James Comey’s book, A Higher Loyalty, will be released on Tuesday. Republicans are so worried about the potential fallout that they have developed an entire campaign to discredit the former FBI director. The plan revolves around three core arguments:
1) “Comey has a long history of misstatements and misconduct,” including damage caused to the FBI because of “bizarre decisions, contradictory statements and acting against Department of Justice and FBI protocol.”
2) “Attempts to smear the Trump administration are nothing more than retaliation by a disgraced former official.”
3) “Comey isn’t credible – just ask Democrats.” The digital ads will show several Democrats calling for Comey’s resignation after he injected himself into the 2016 presidential race, including House Democratic leader Nancy Pelosi, Senate Democratic leader Chuck Schumer and Rep. Maxine Waters (D-Calif.), who is shown saying: “All I can tell you is the FBI Director has no credibility.”
In addition to talking points and digital media ads, the RNC has set up a website called “Lyin’ Comey.”
When it comes to the “just ask Democrats” part of this campaign, the quotes all stem from Comey’s handling of the Clinton email investigation. Here’s Greg Sargent’s take on that.
Republicans will muddy the waters further around this by pointing out that Democrats criticized that Comey conduct then, and by arguing that they are merely making the same argument now that Democrats did…
Republicans are not simply offering an argument that is the partisan inverse of the Democratic argument. If they were doing that, they’d say something like, “Comey was right when he criticized Clinton, but he’s wrong about Trump.” But they are saying something different, something like this: “Even though we cited Comey’s criticism of Clinton at the time, we’re now saying he was wrong to offer it, which proves his criticism of Trump is not to be believed.”
This is just the old Republican fog machine at work.
Beyond muddying the waters, Republicans are also not above stretching the truth to the point of oblivion. For example, on the Lyin’ Comey website, there is a section called “check the facts.” One of the items involves a statement Comey made “under oath that he never posed as an anonymous source to leak information to the press.” That is true, Comey said it as part of his testimony to the Senate Judiciary Committee on May 3, 2017. When asked by Sen. Grassley if he had ever been an anonymous source in news reports in matters related to the Trump investigation, Comey’s response was, “Never.”

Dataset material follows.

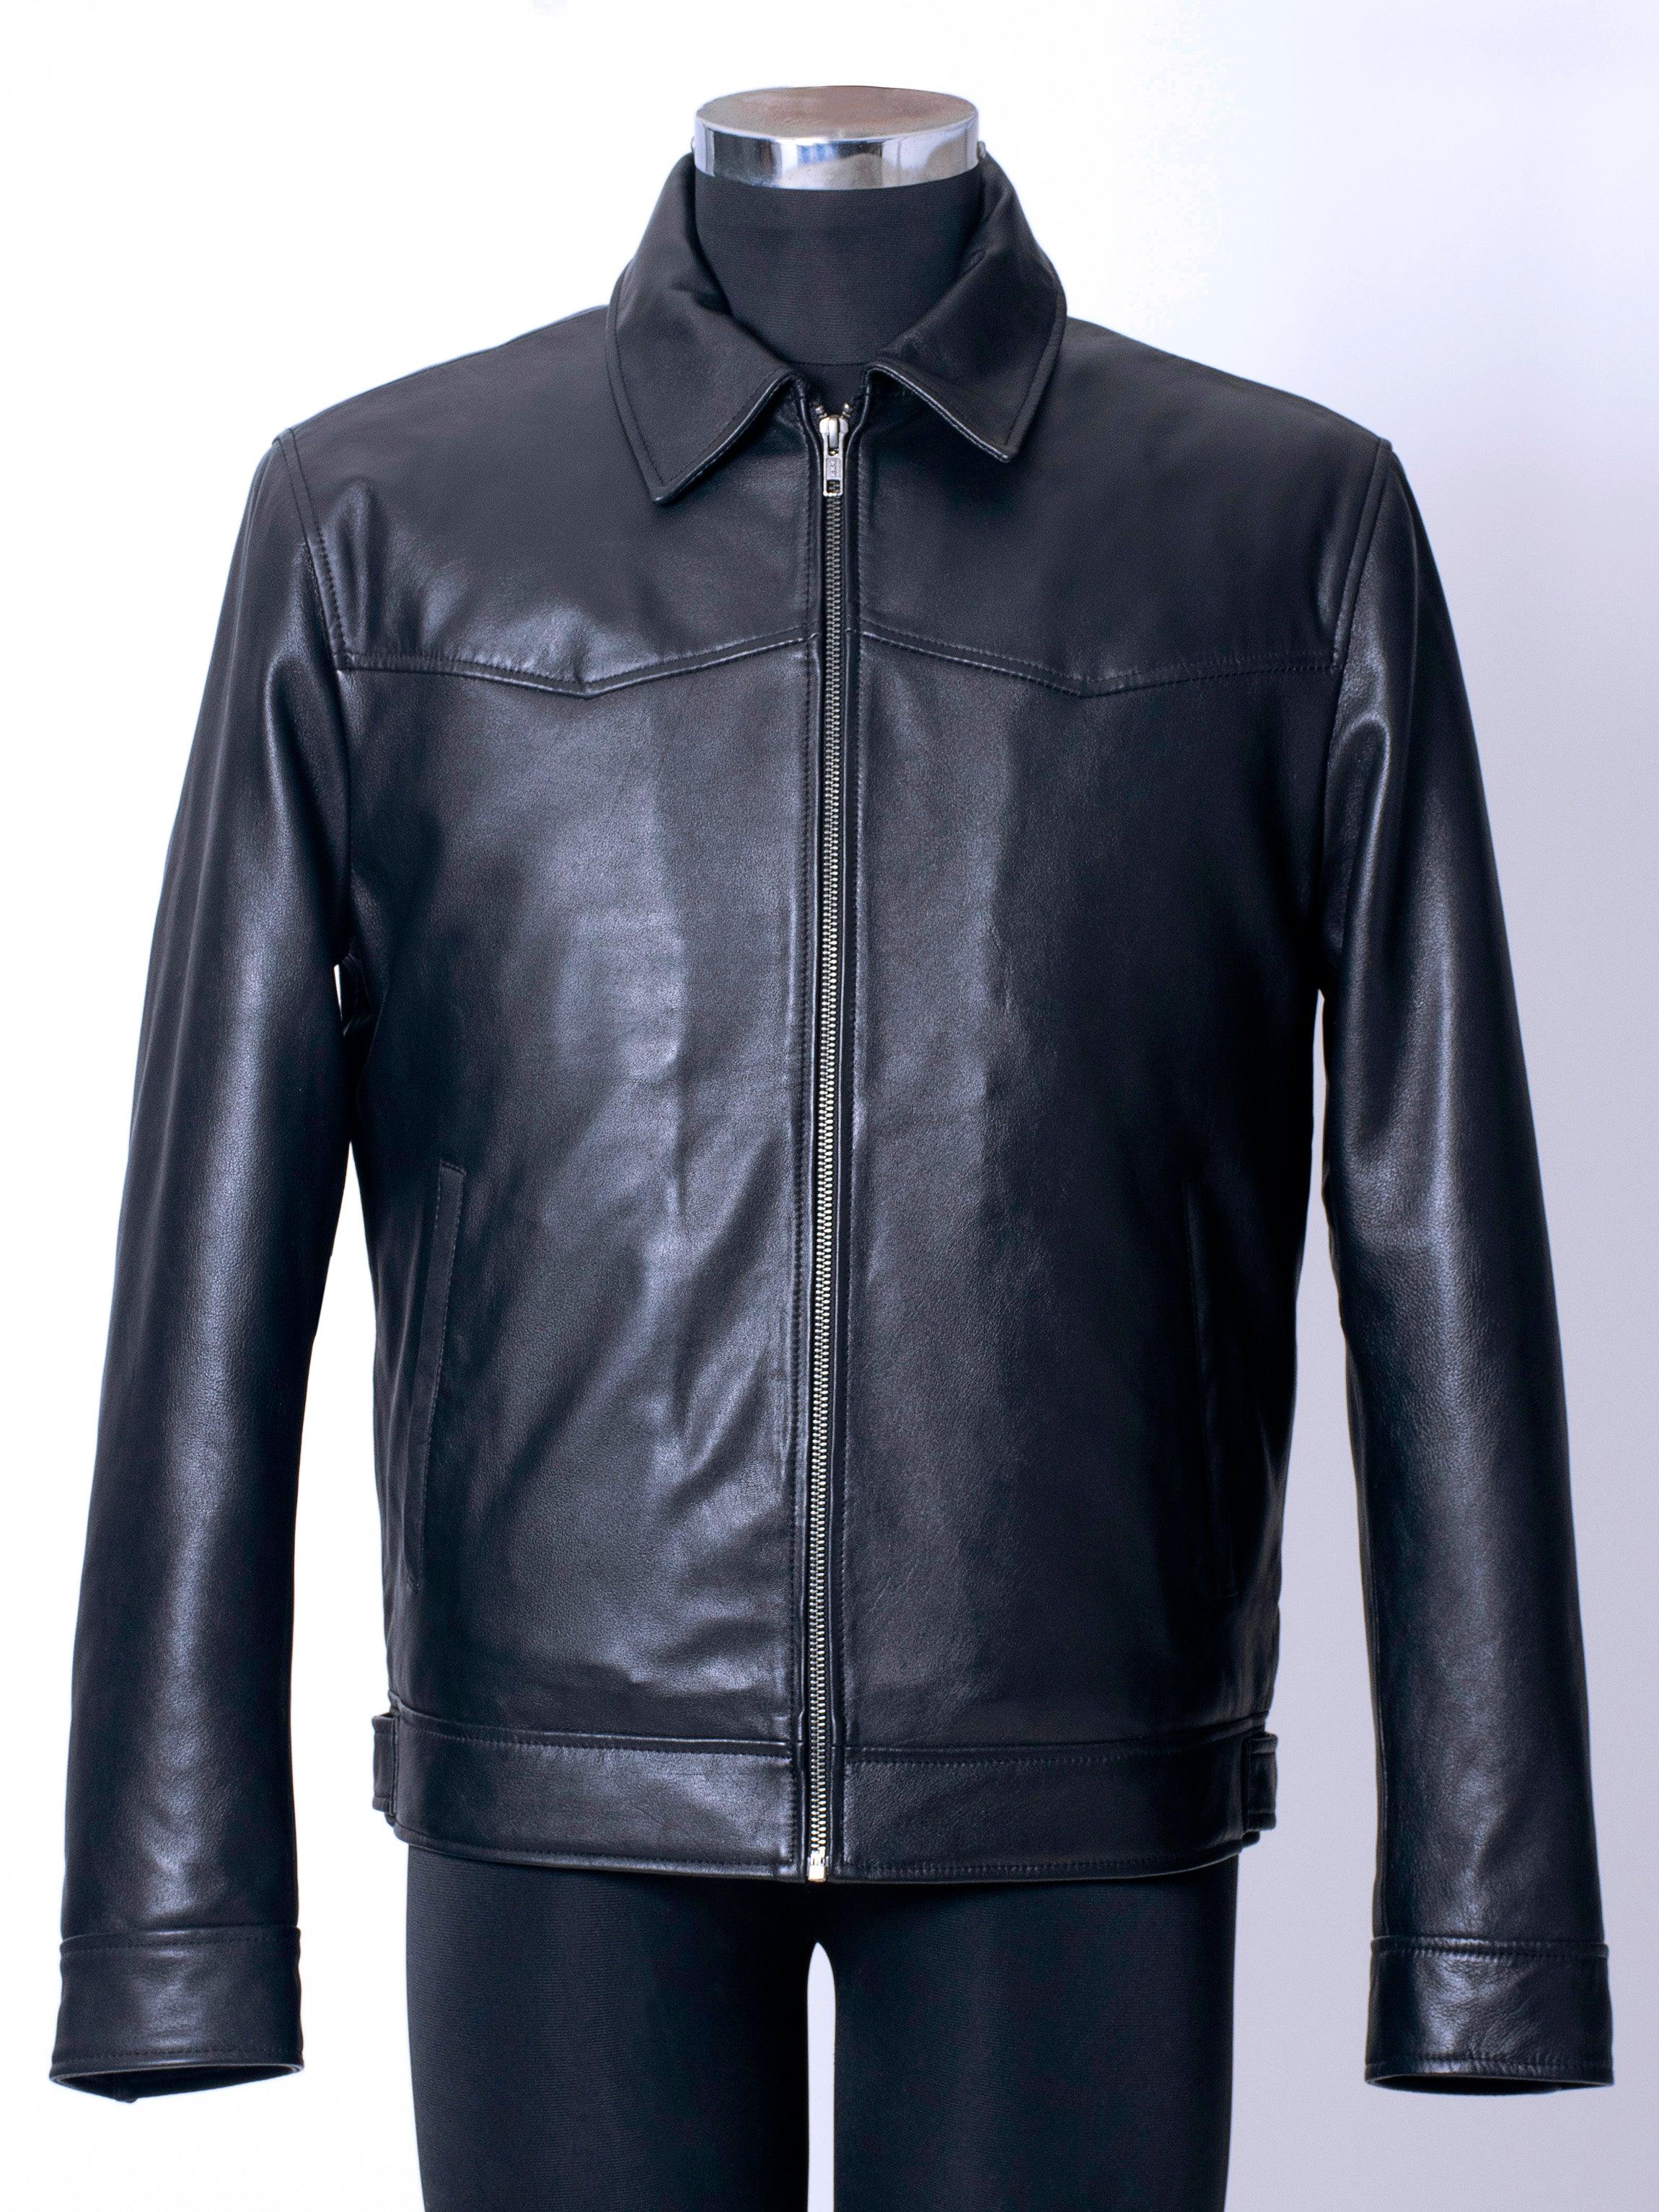 Short Leather Jacket - Celebrity Bomber Jackets - Cow Hide Crafts

The supposed fact check says, “Comey later testified that he ‘asked a friend of [his] to share the content of the memo with a reporter’ in order to put political pressure on President Trump.” Notice the “later” in that sentence. Here’s the timeline of how things went down:
May 3, 2017 Comey testifies before the Senate Judiciary Committee
May 9, 2017 Trump fires Comey
May 16, 2017 NYT reports that, according to Comey associates, the former FBI director had a written memo about a meeting with the president in which he was asked to drop the Michael Flynn investigation
As the quote from the fact check indicates, Comey was very forthcoming about the fact that he asked his associates to share the information in the NYT report—after he was fired. In no way does that discredit what he said on May 3rd.
Of course, as Sargent said, none of this is actually about getting the facts straight. It is, as he wrote, “the old Republican fog machine” at work attempting to muddy the waters. Anything that will confuse the public and/or diminish the impact of what Comey has written will suffice.
What we can learn from all of this is that the Republican Party, with blessing from the White House, has crafted an entire strategy to discount the contents of a book by the former FBI director a week before its even been published. Do you suppose they are more than just a little bit worried about what James Comey has to say?